Fetch the live list any time with GET /v1/models — it reflects exactly what your workspace policy allows.
Sovereignty & residency
Bind a workspace to approved regions and self-hosted endpoints. Out-of-region credentials are simply not in the routing pool — residency is enforced, not requested.
- Keep regulated traffic on your VPC or on-prem GPUs; let the frontier handle the rest.
- Every call is logged with model, region, and cost. Payloads are never stored.

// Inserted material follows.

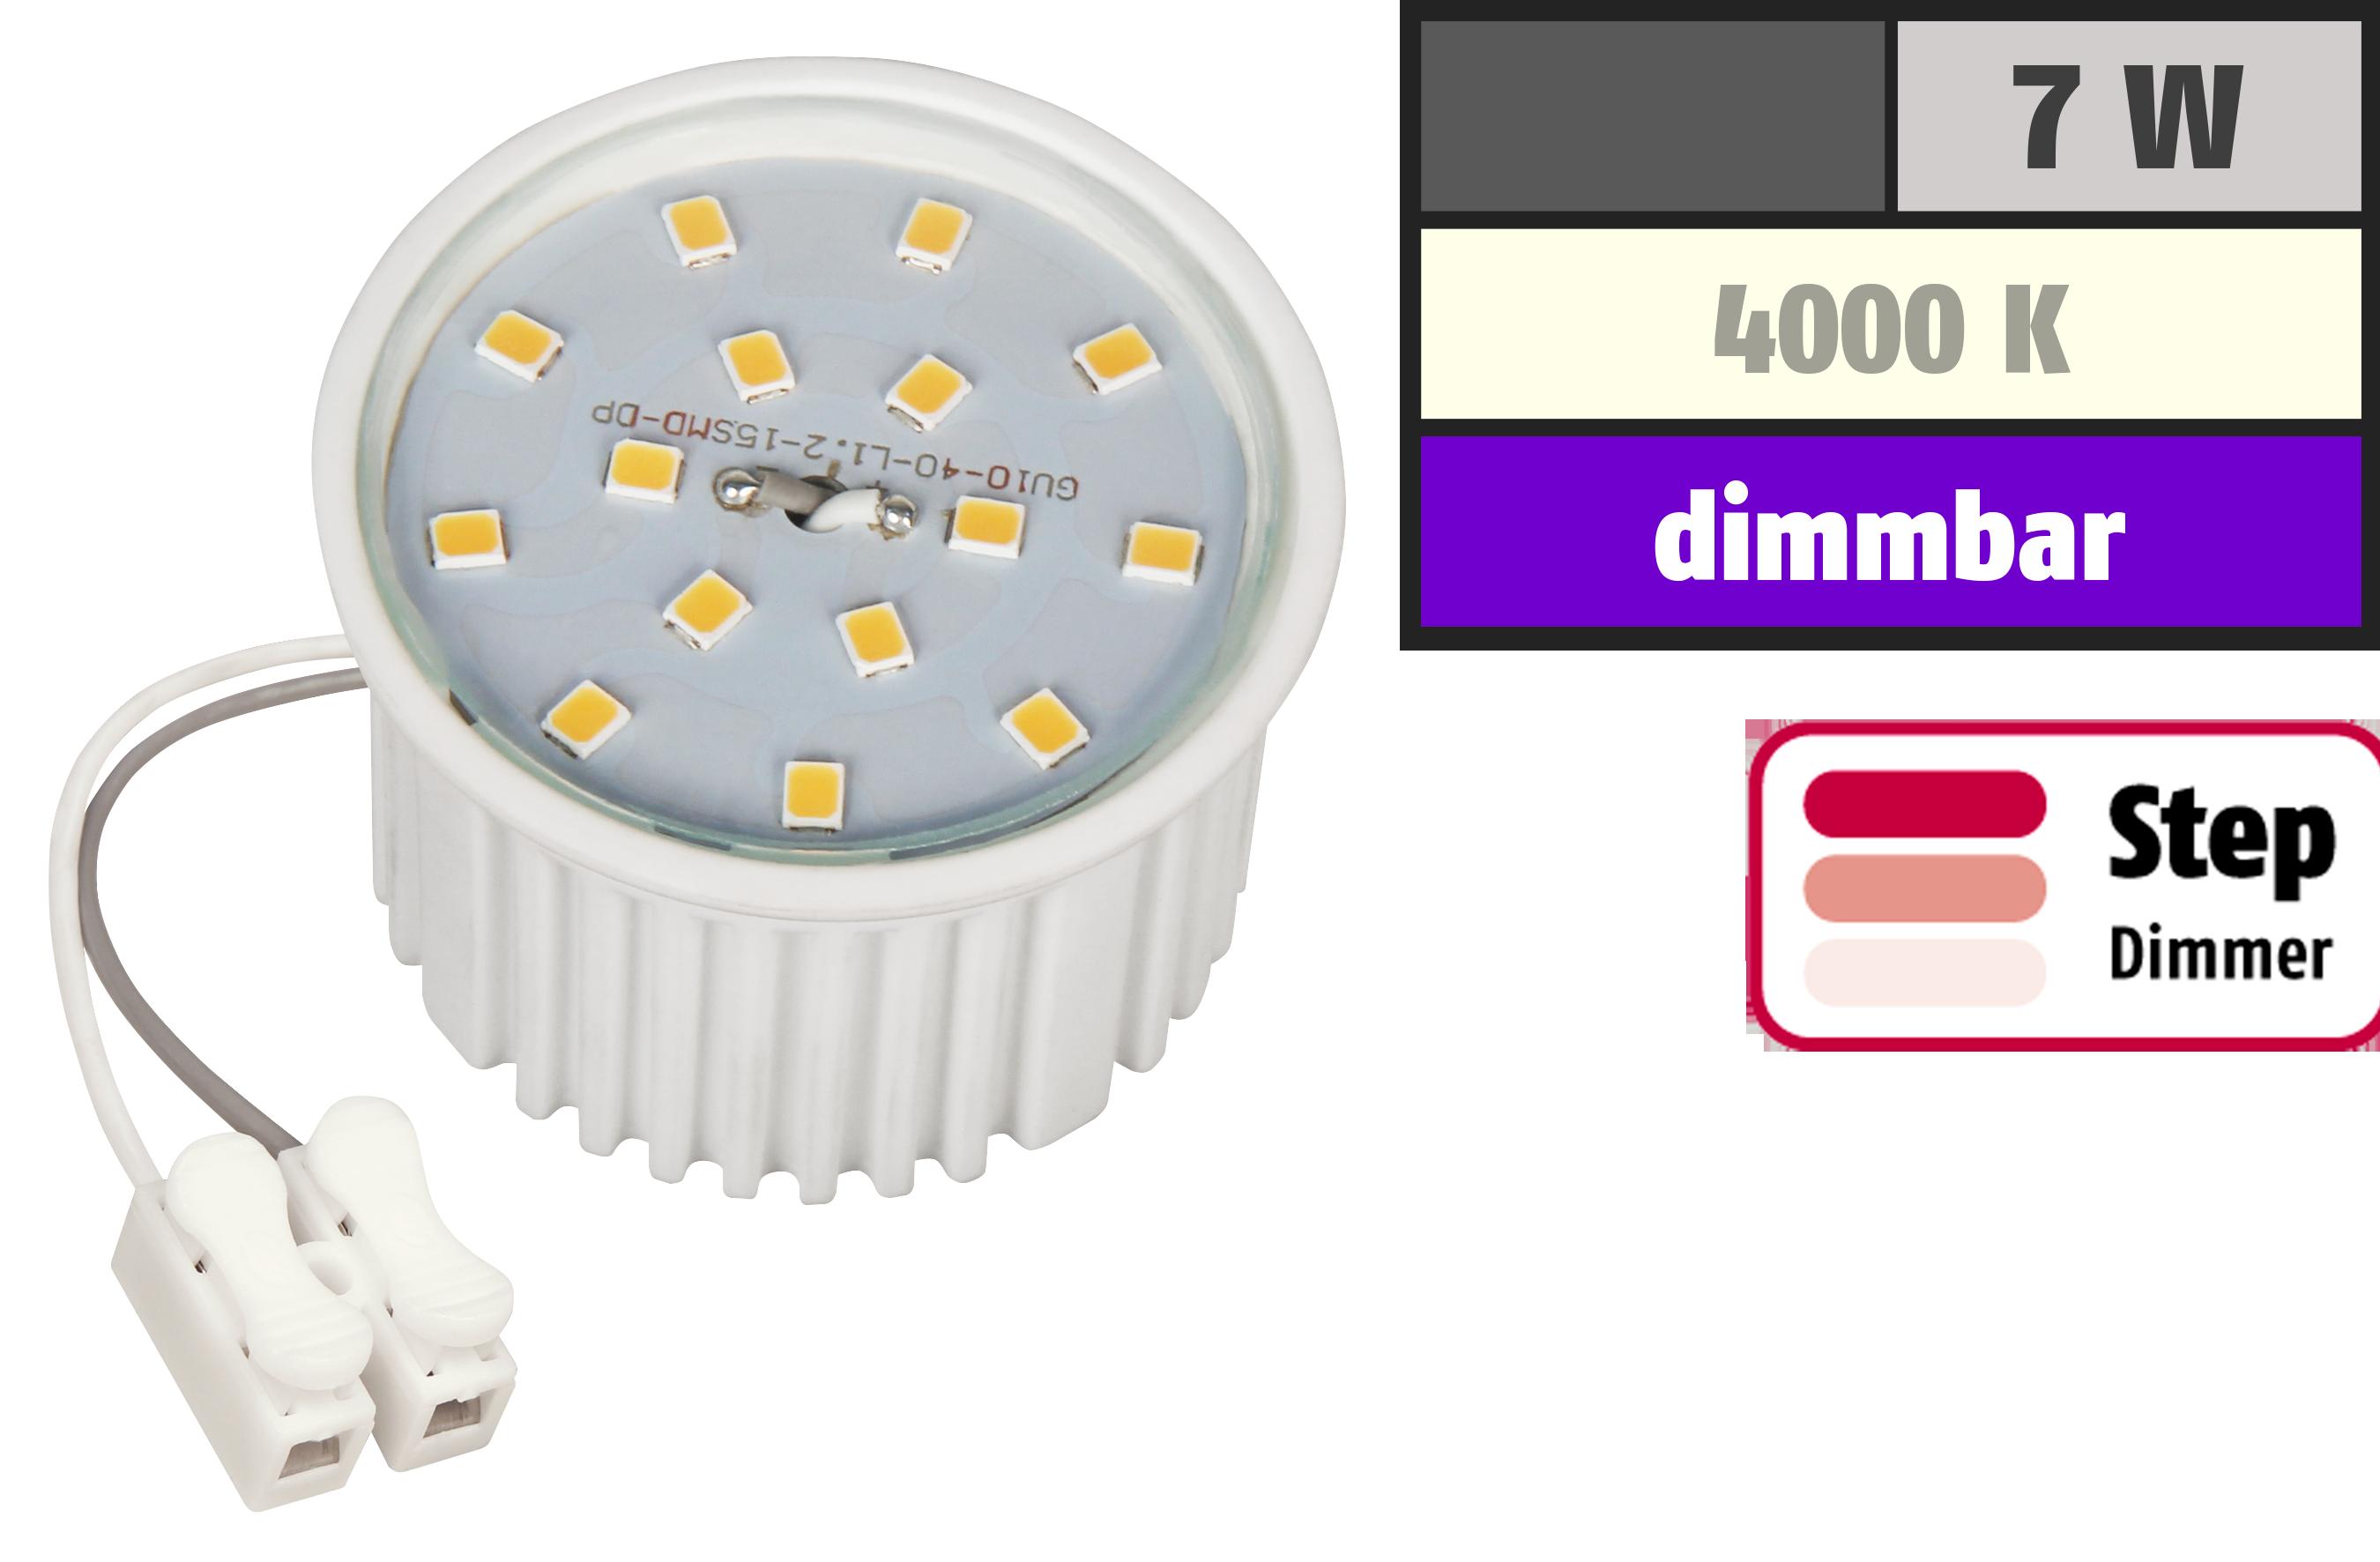 LED-Modul McShine, 7W, 510 Lumen, 230V, 50x33mm, neutralweiß, 4000K,step-dimmbar
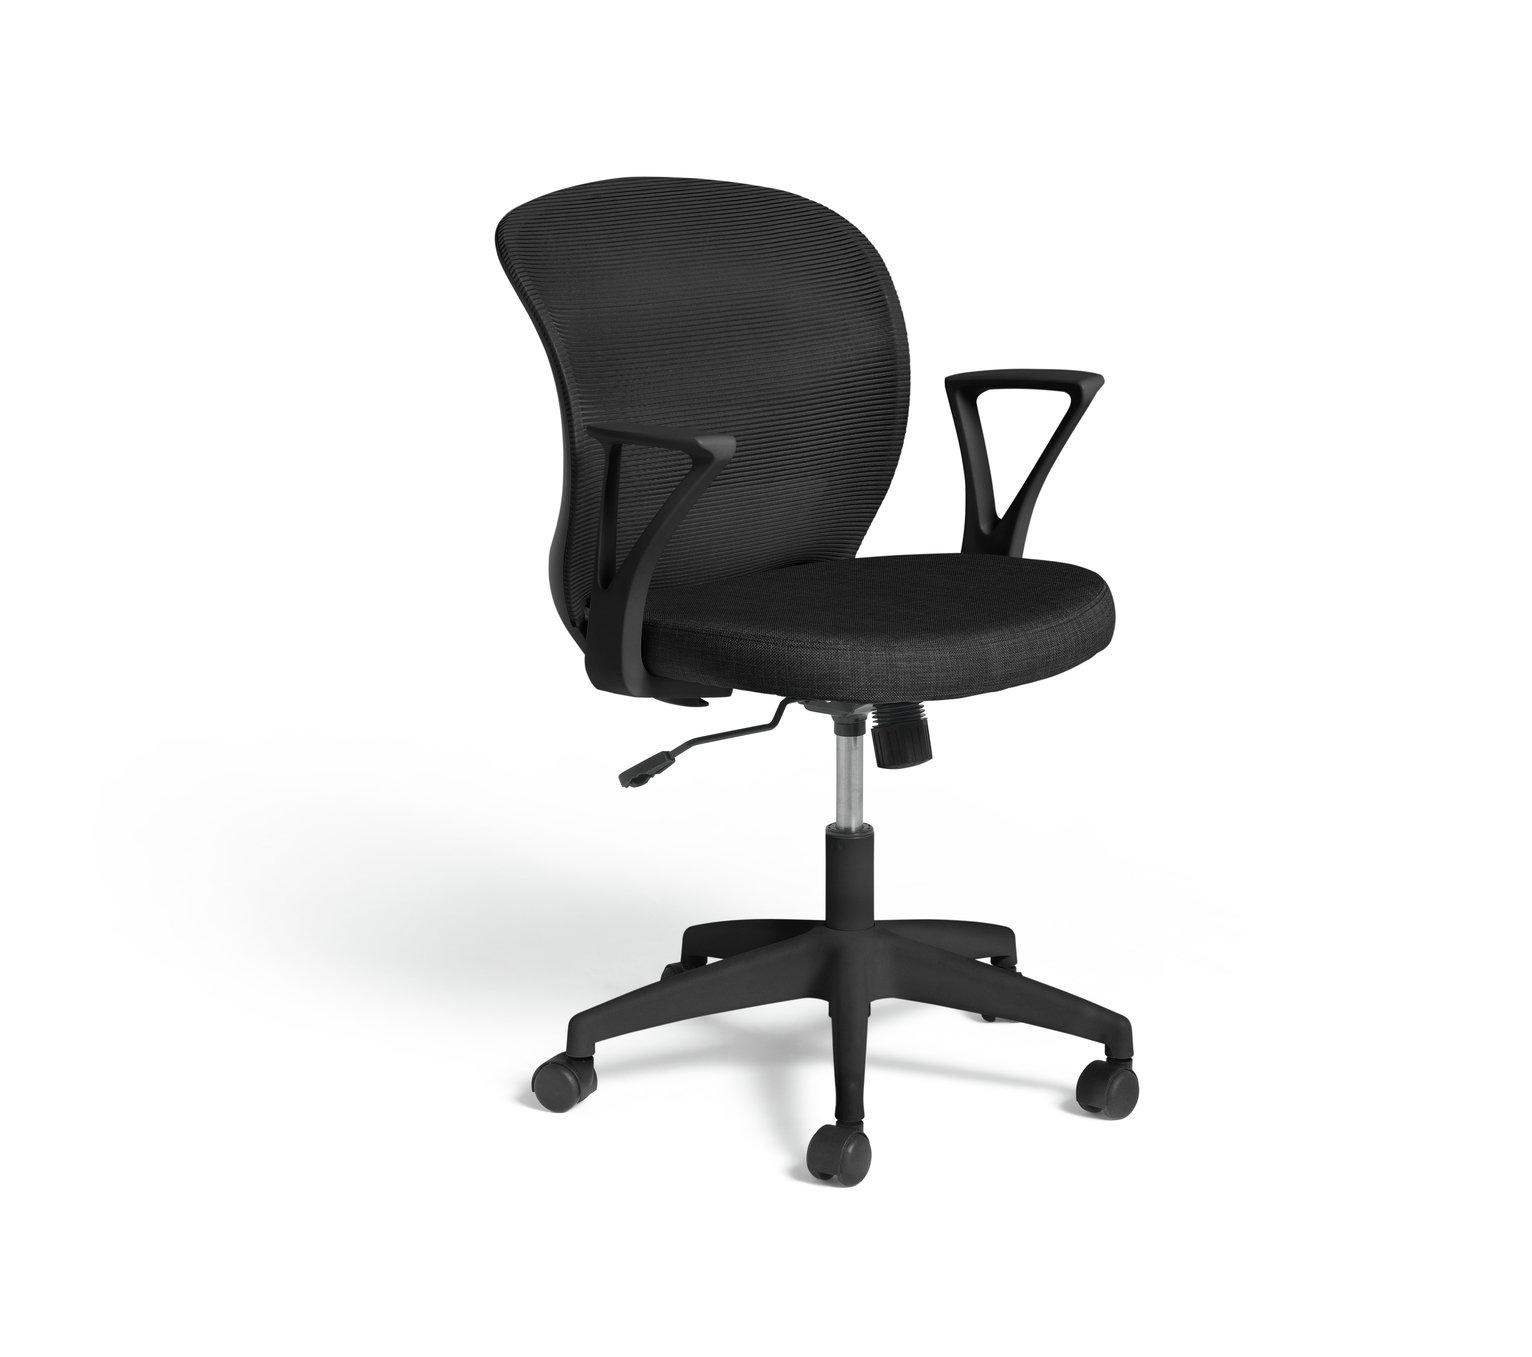 Habitat Beck Mesh Office Chair - Black

- Export the request-level audit trail for SOC 2, HIPAA, GDPR, and ISO 27001 reviews.
Billing & usage
Every request is metered to a single wallet, regardless of which provider served it. Read usage programmatically or consolidate spend across subsidiaries into one invoice in the console.
curl https://api.cudator.ai/v1/usage?period=month \
-H "Authorization: Bearer cud_live_••••••••"
# → { "spend_usd": 1842.55, "requests": 91204,
# "by_provider": { "anthropic": 812.10, … } }
Errors
Cudator uses conventional HTTP status codes. Error bodies follow the OpenAI shape, with a code field for programmatic handling.
| Status | Meaning |
|---|---|
| 401 | Invalid or revoked key. |
| 402 | Wallet balance exhausted, or the request exceeds the key's spend limit. |
| 409 | No model in the pool satisfies the requested policy (e.g. residency conflict). |
| 429 | Rate limit exceeded — back off and retry with the Retry-After header. |
| 503 | All eligible providers are temporarily unavailable. Cudator already retried the pool. |
Rate limits
Limits are set per workspace and surfaced on every response so you can throttle proactively rather than reactively.
X-RateLimit-RemainingandX-RateLimit-Resetheaders ride along with each request.- On
429, honourRetry-Afterand apply exponential backoff.